I nod, just to appease his heat right now, but it doesn’t explain his sudden shift of attitude today. He’s become so overly possessive of me that even a man trying to help me not stumble and fall is a threat to him. I want to address it, but I know better than to at this moment.
There’s no taming Carter today.
“My heel,” I grumble, needing an excuse to be released from his hold.
“I’ll take you to the store, and you can buy a new set right now,” he hums, reaching into his pocket for a set of keys. I want to agree, but I think he needs time to calm down without me next to him. “Let’s go, dove.”
“No,” I offer. “How about I just take the car to my apartment, and I’ll grab some I already own?

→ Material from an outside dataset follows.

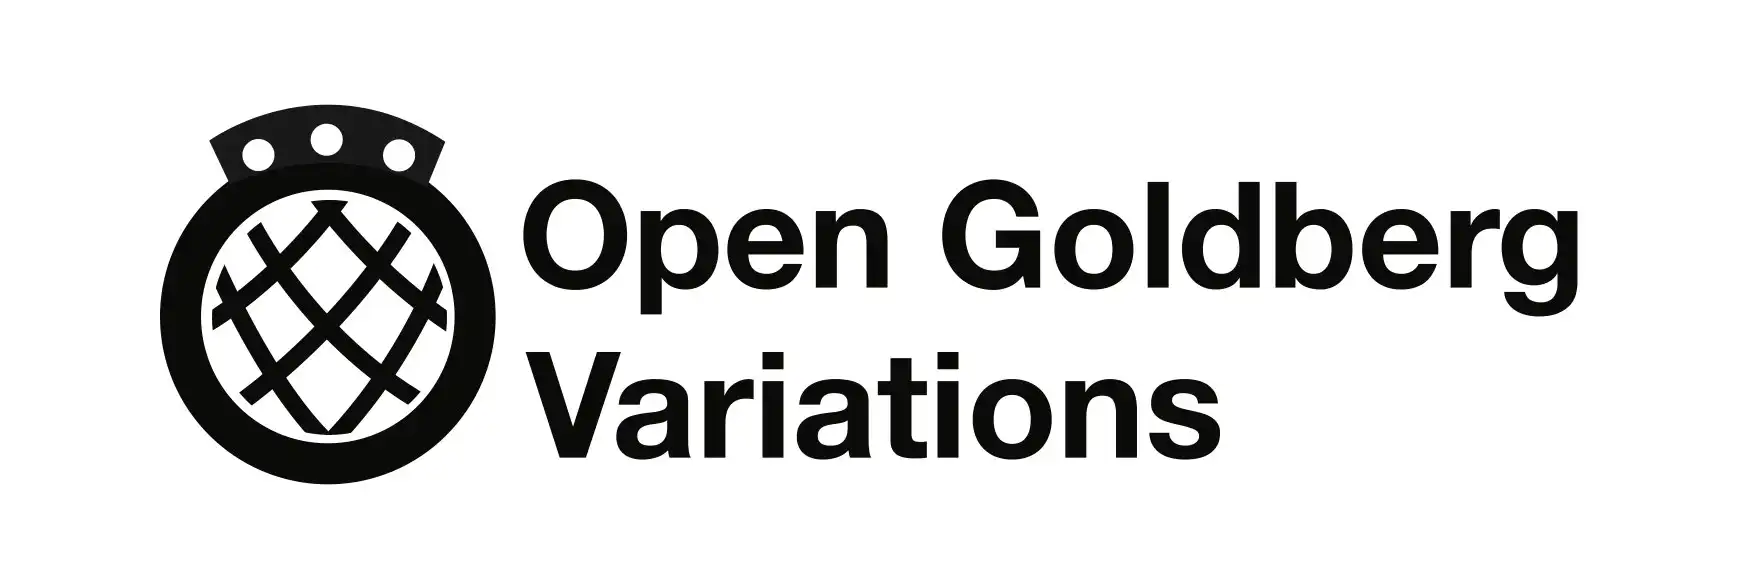 Open Goldberg Variations Logo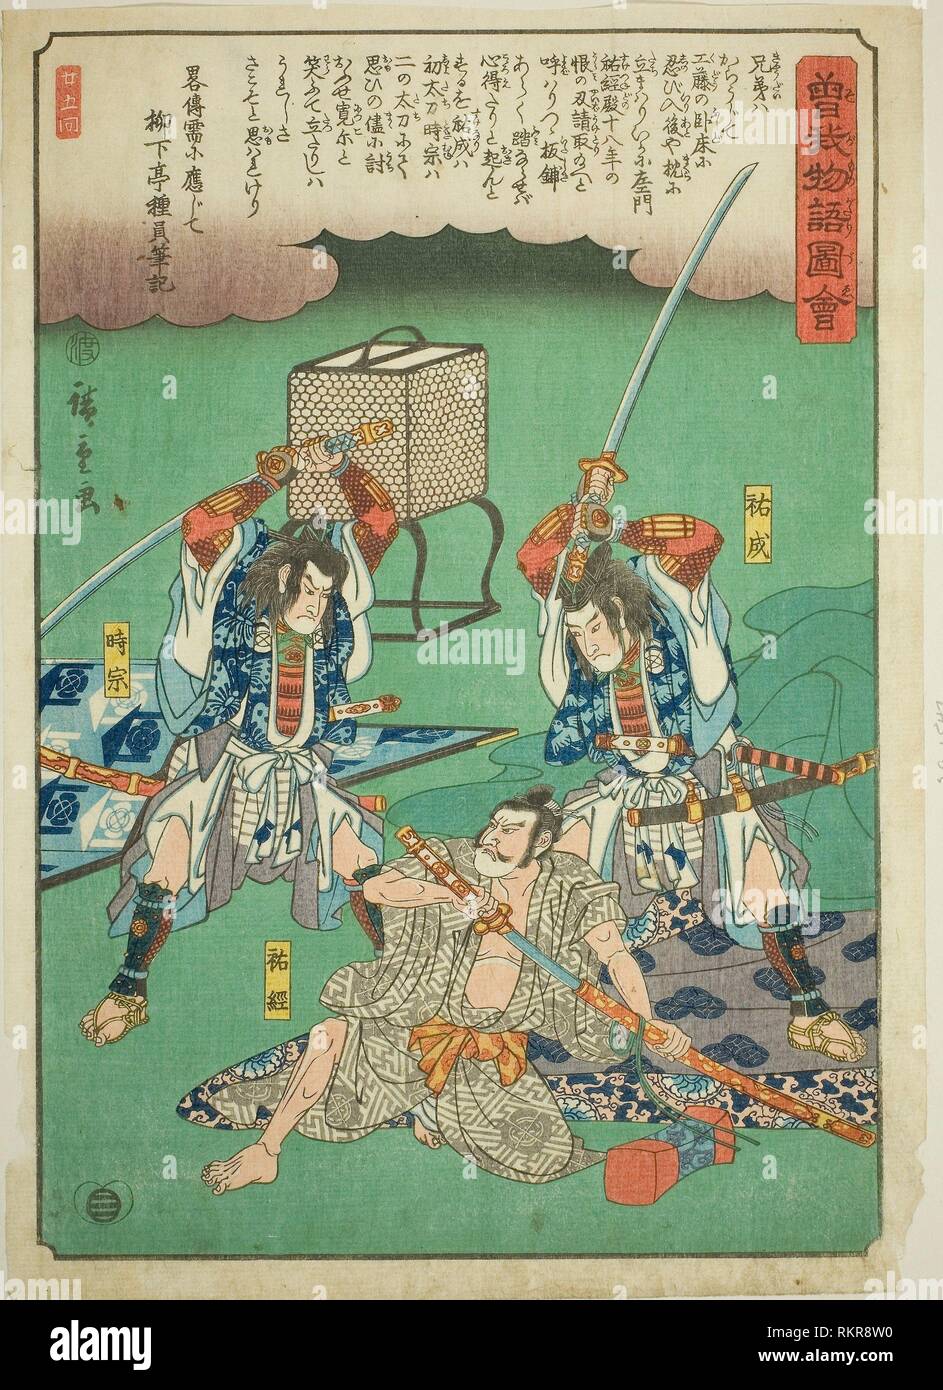 Sukenari (Soga no Juro) and Tokimune (Soga no Goro) assasinating

Besides, if that meeting was important to stopping Jacob, you should stay back and handle it. Go have lunch, Carter. I’ll be back in an hour.”
Eventually, he agrees, though not without a time limit. He stalks away after giving me only thirty minutes to get to my apartment and back. When he’s out of sight through the maze of glass office walls, I spot Tristan’s personal desk belongings.
If anyone can talk Carter down from his fury, it’s Tristian.
I grab his things, find a piece of his mail, and take the box to the garage underground, where I set his belongings in the front seat with me. Carter’s sleek, black convertible pulls out into the windy, rainy city outside, and I use the GPS to get to Tristan’s building.
Tristan’s apartment complex isn’t far from Carter’s, but it’s almost just as lavish and magnificent. The doorman helps me with the box, my heel still wobbly and split as I limp through the lobby and hunt down Tristan’s apartment door upstairs.
The doorman leaves the box on the floor, and I knock hard on the door, surprised when I see it push open an inch or two without much force at all.
“Tristan?” I hum, poking my head into the modern, white living room with gray accent tiles on the ceiling that makes the place feel bigger than it is. “Tristan, your door was open. I know… I know you probably don’t want to see me, but—”
“Come here,” he weakly calls out. “In the bedroom to the left.”
I kick his box of stuff inside and peer into the bedroom, seeing Tristan leaning forward on the floor, his shirt torn or messy, his eyes rung with deep purple marks. I can smell the alcohol on his breath from here.
“Are you okay?”
“Never fucking better,” he snarls. “What the fuck do you want, Brooke?”
I flinch, feeling like he slapped me with that name. “It’s Isabella,” I mutter. “I wanted to bring your desk stuff, Tristan. I was hoping you could talk to Carter. I don’t want you two to fight anymore, especially because of me.”
He rolls his eyes, tips his chin up, and sneers, “Why don’t you just give up already? He’s had a hundred whores just like you, except they never caused this much damn trouble.”
I swallow hard, the lump in my throat feeling like a suffocating fist around my lungs. I know I should leave on that note, but I don’t.
I can’t until I know for sure that I didn’t rip this family apart.